Source: http://technet.microsoft.com/en-us/library/hh831602.aspx

//Quote

And while you’re at it, also have a look at http://blogs.technet.com/b/filecab/archive/2012/05/21/introduction-to-data-deduplication-in-windows-server-2012.aspx

 

The GOOD…

I have to say that after finding out that Deduplication was doable on windows 8.1, it wasn’t that hard finding information on HOW to do it. I’ll start by linking to the original source as usual, thanks to the author for the guide!

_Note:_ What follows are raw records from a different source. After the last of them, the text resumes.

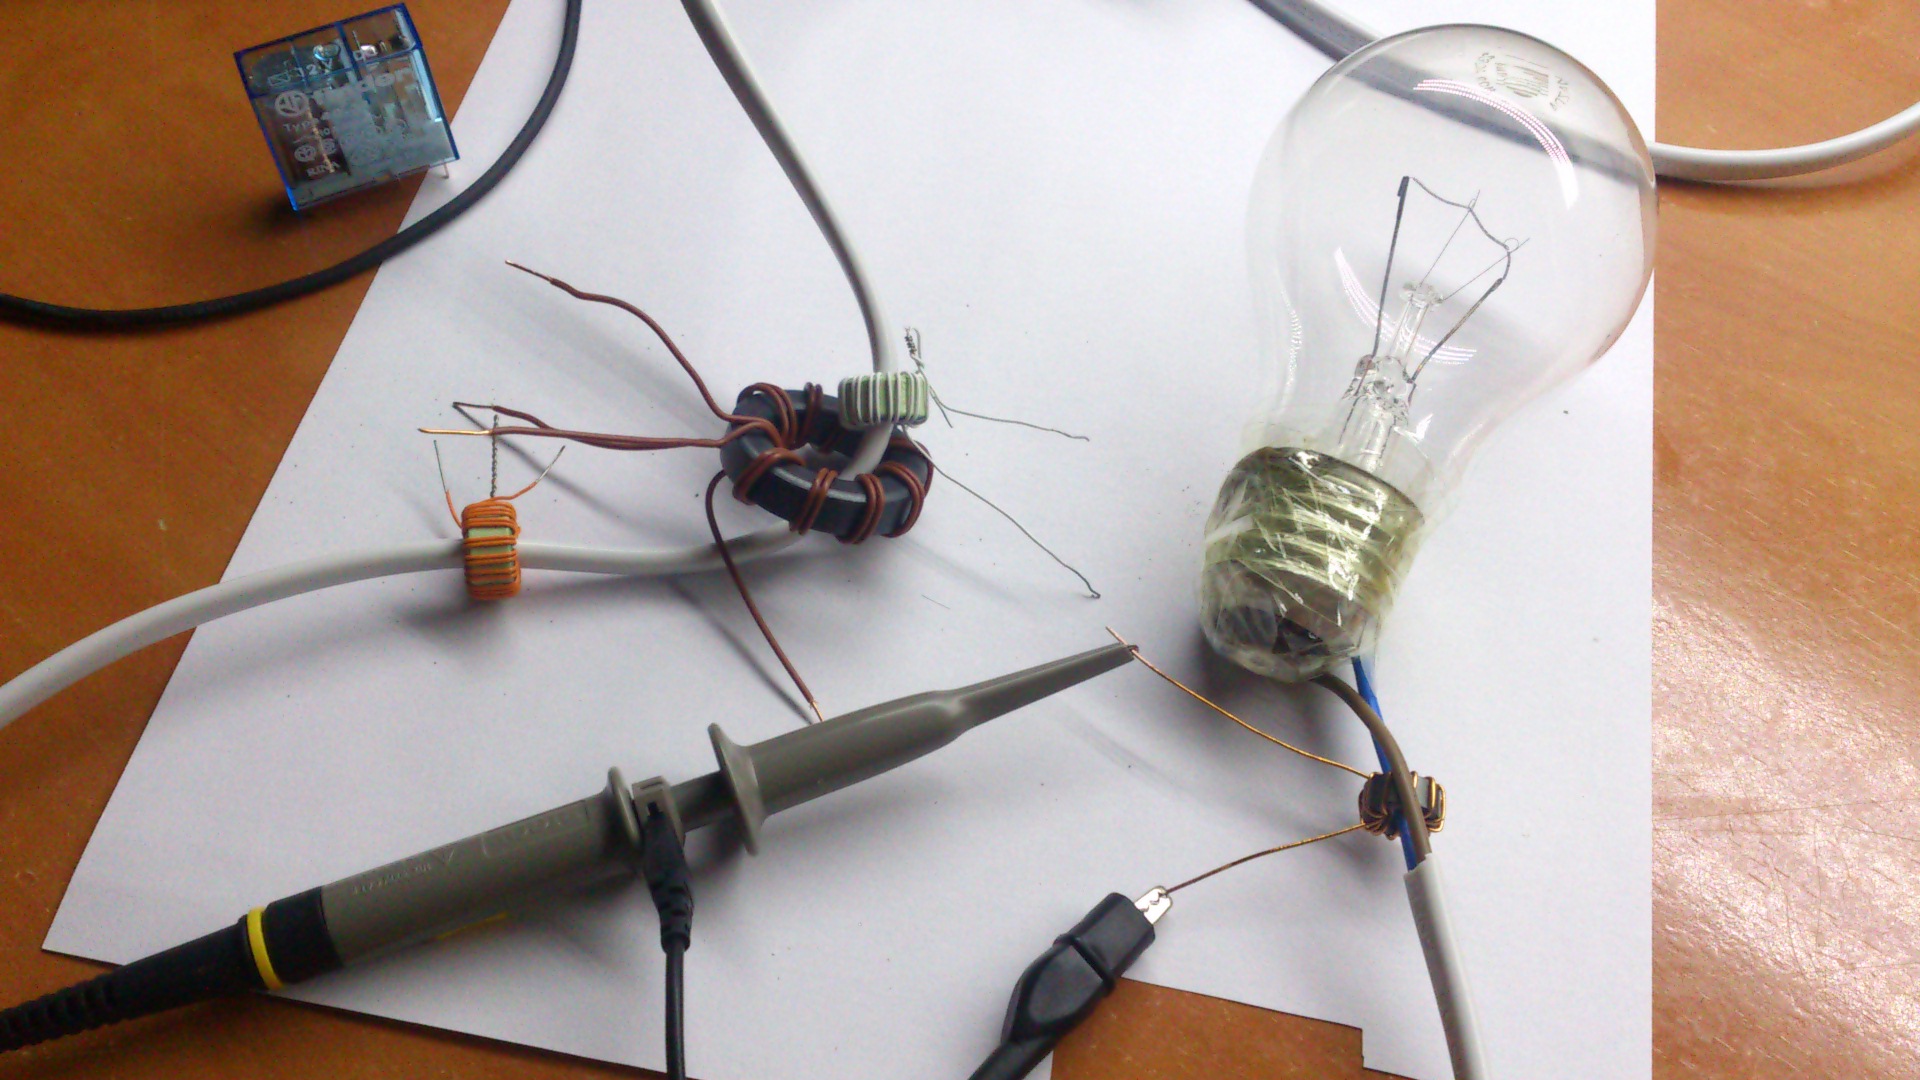 /diy/ - Do-It-Yourself How Many Amps Does A 60w Bulb Use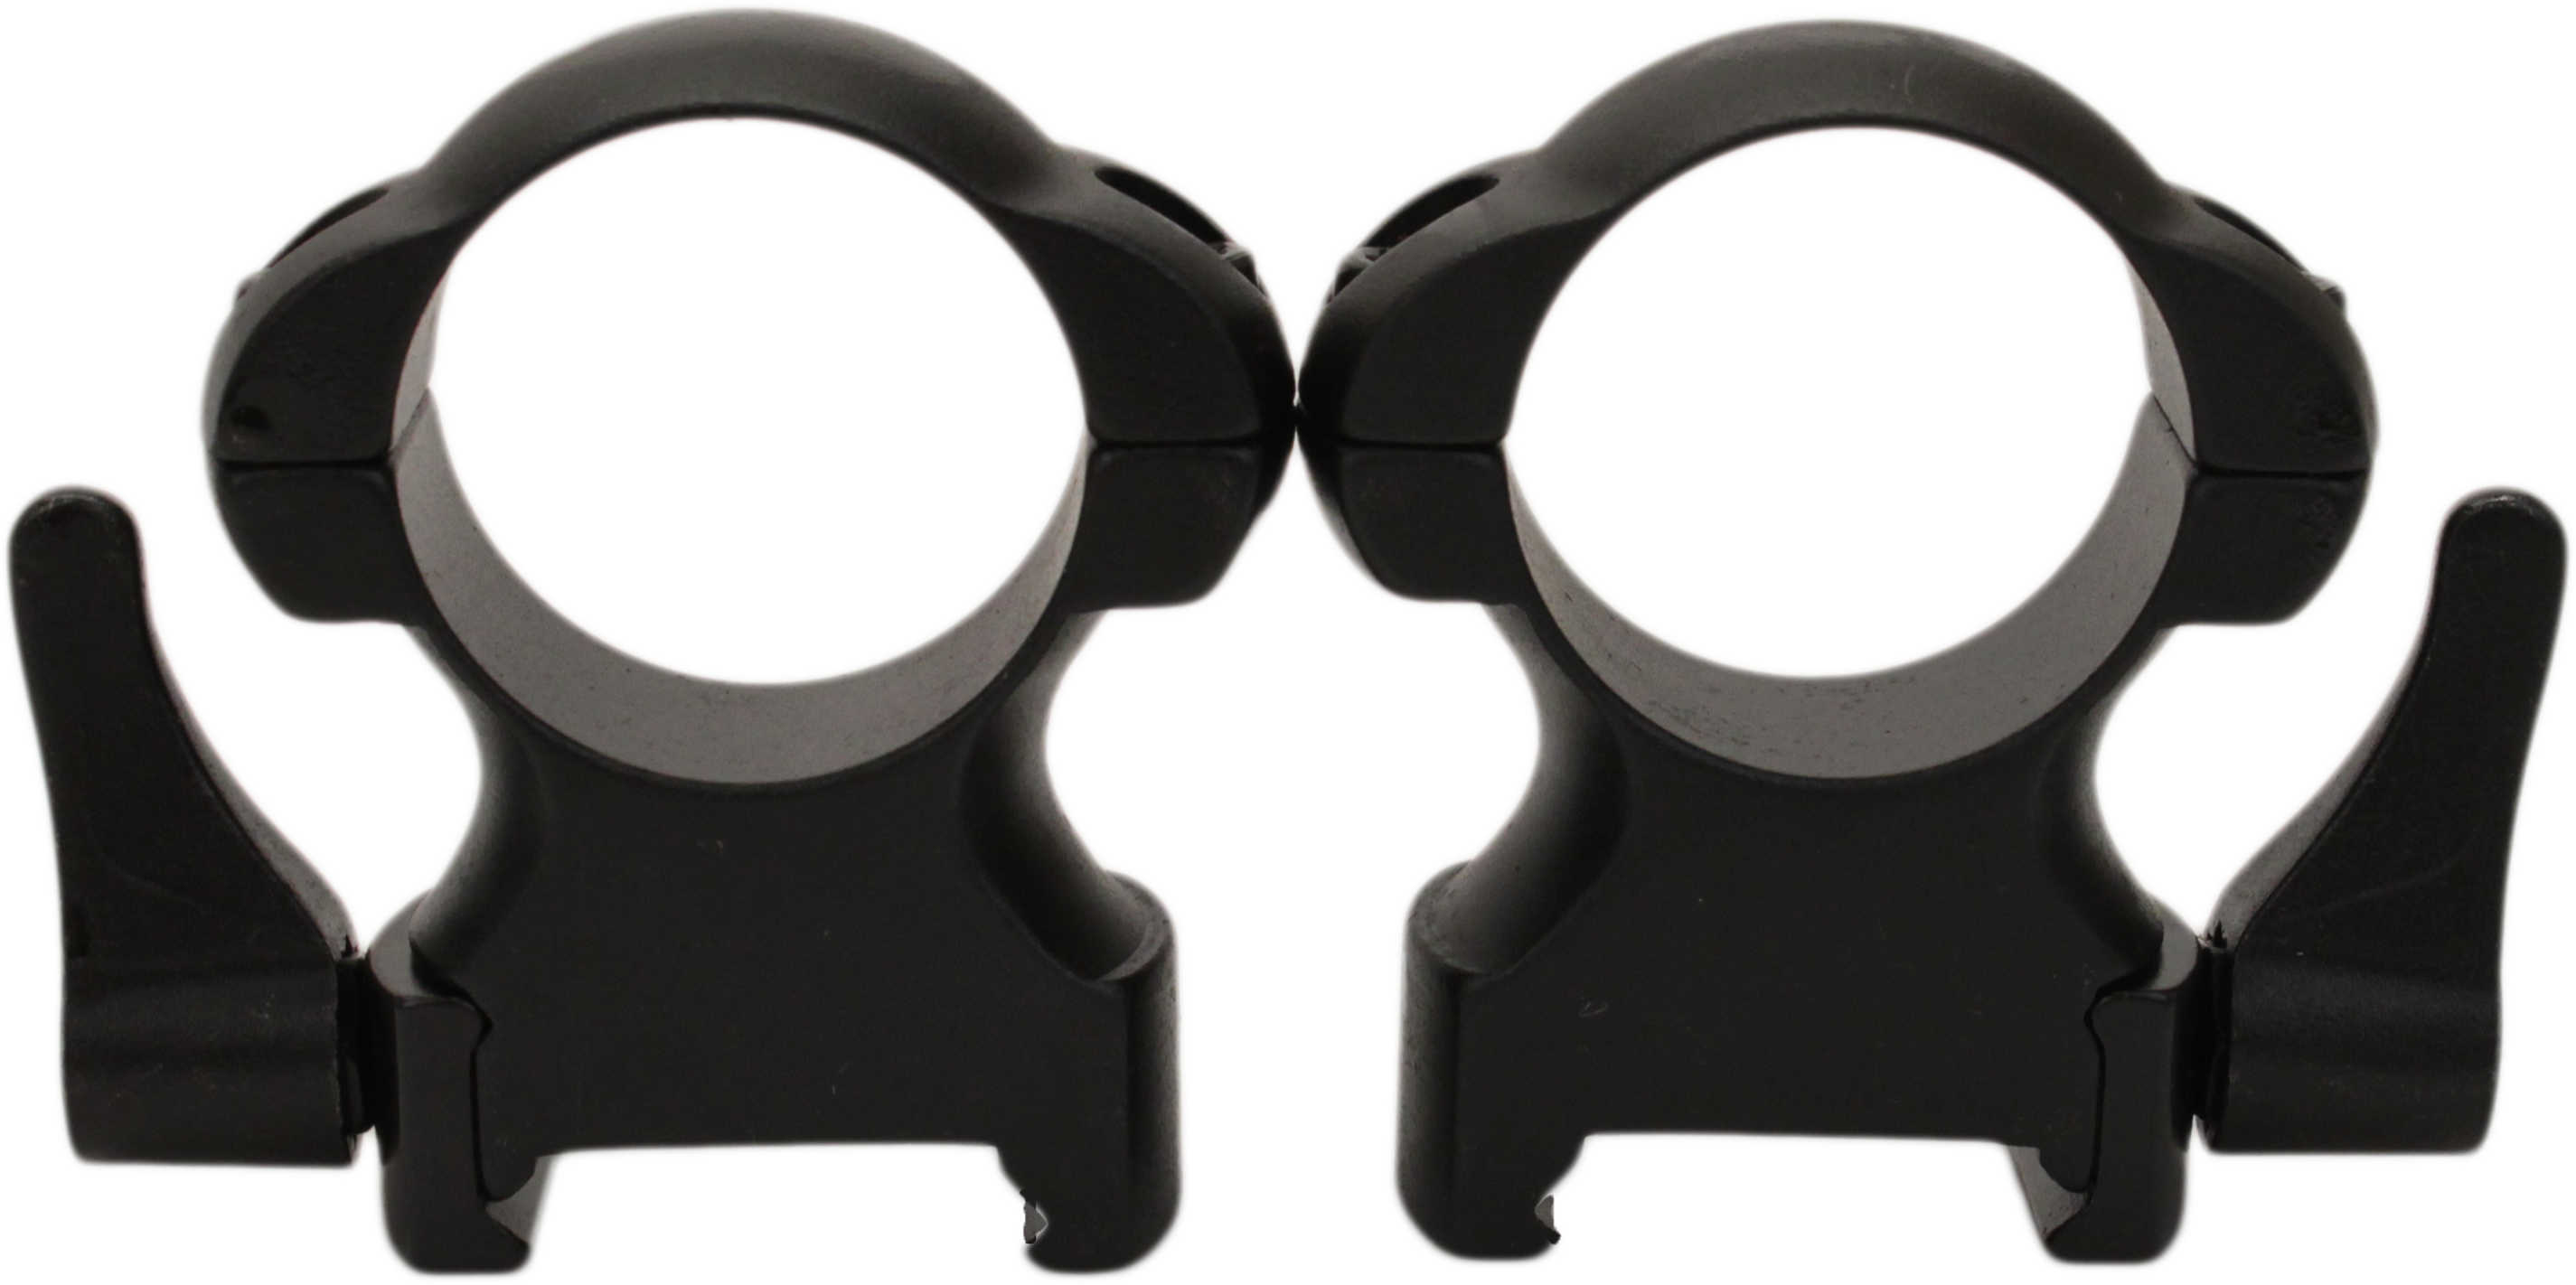 Simmons Weaver 1" Extra High Leverlok Top Rings With Matte Black Finish Md: 49327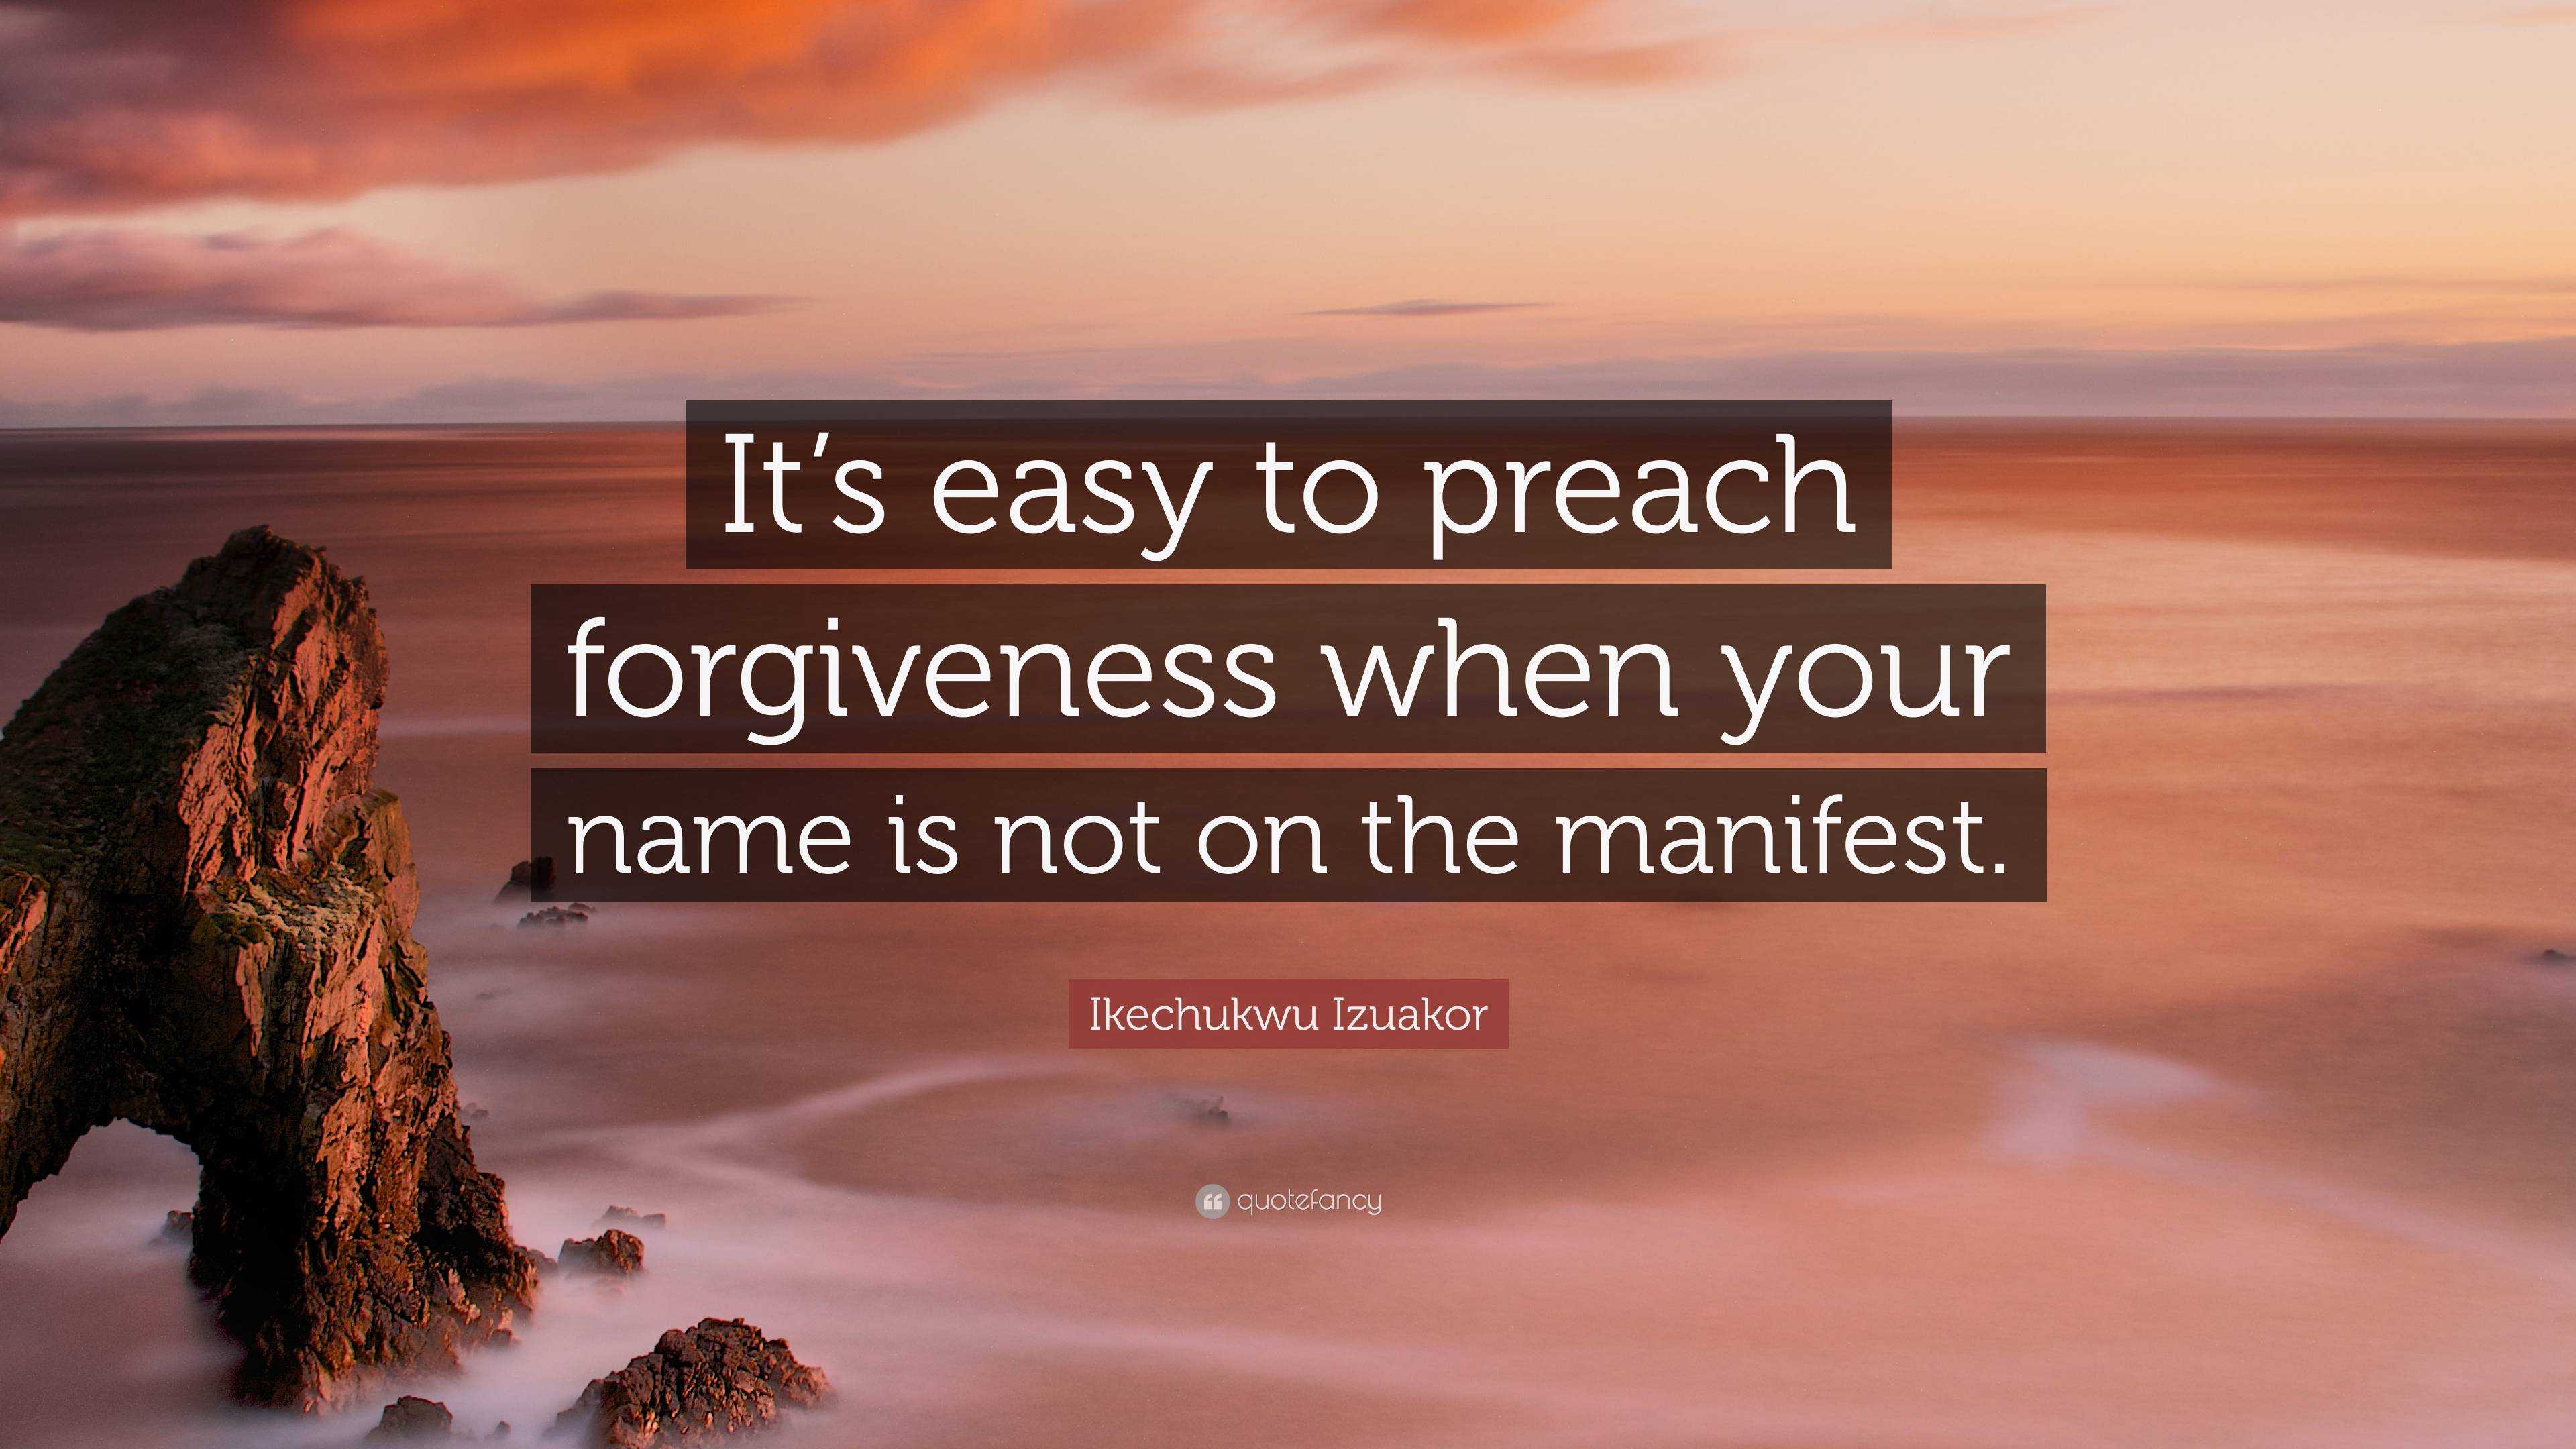 Ikechukwu Izuakor Quote: “It’s easy to preach forgiveness when your ...

http://weikingteh.wordpress.com/2013/01/15/how-to-enable-data-deduplication-in-windows-8/

Well, not much to say really. I followed the guide (for Win 8.1) and it worked 🙂 Here are some screenshots of the process:

deduplication1

Fig 1. Adding Deduplication packages and enabling the Deduplication feature.

 

deduplication_status

Fig 2. Enabling and starting Deduplication job on the D: –drive. Also checking the status with Get-DedupJob (currently at 0% because the process just started).

 

My D: –drive consist of 2 x Western Digital Black 2TB 7200 RPM drives configured in software raid-0 (stripe). The Deduplication job ran forever the first time (4.5h), but it was well worth the wait – check the before and after screenshots below;

before_deduplication

Fig 3. Before Deduplication (1.54TB free on D: –drive).

 

after_deduplication

  Fig 4. After Deduplication (2.77TB free on D: –drive 🙂 )

 

and the same thing checked with Get-DedupStatus:

get-dedupstatus

Fig 5. Get-DedupStatus

 

As you can see, the space savings are HUGE (1.25TB saved space). All I can say is that I’d recommend Deduplication for everyone. Now the same procedure is waiting for my E: –drive (a 512GB SSD) 🙂 And remember folks, do NOT run/use Data Deduplication on your system drive! You have been warned.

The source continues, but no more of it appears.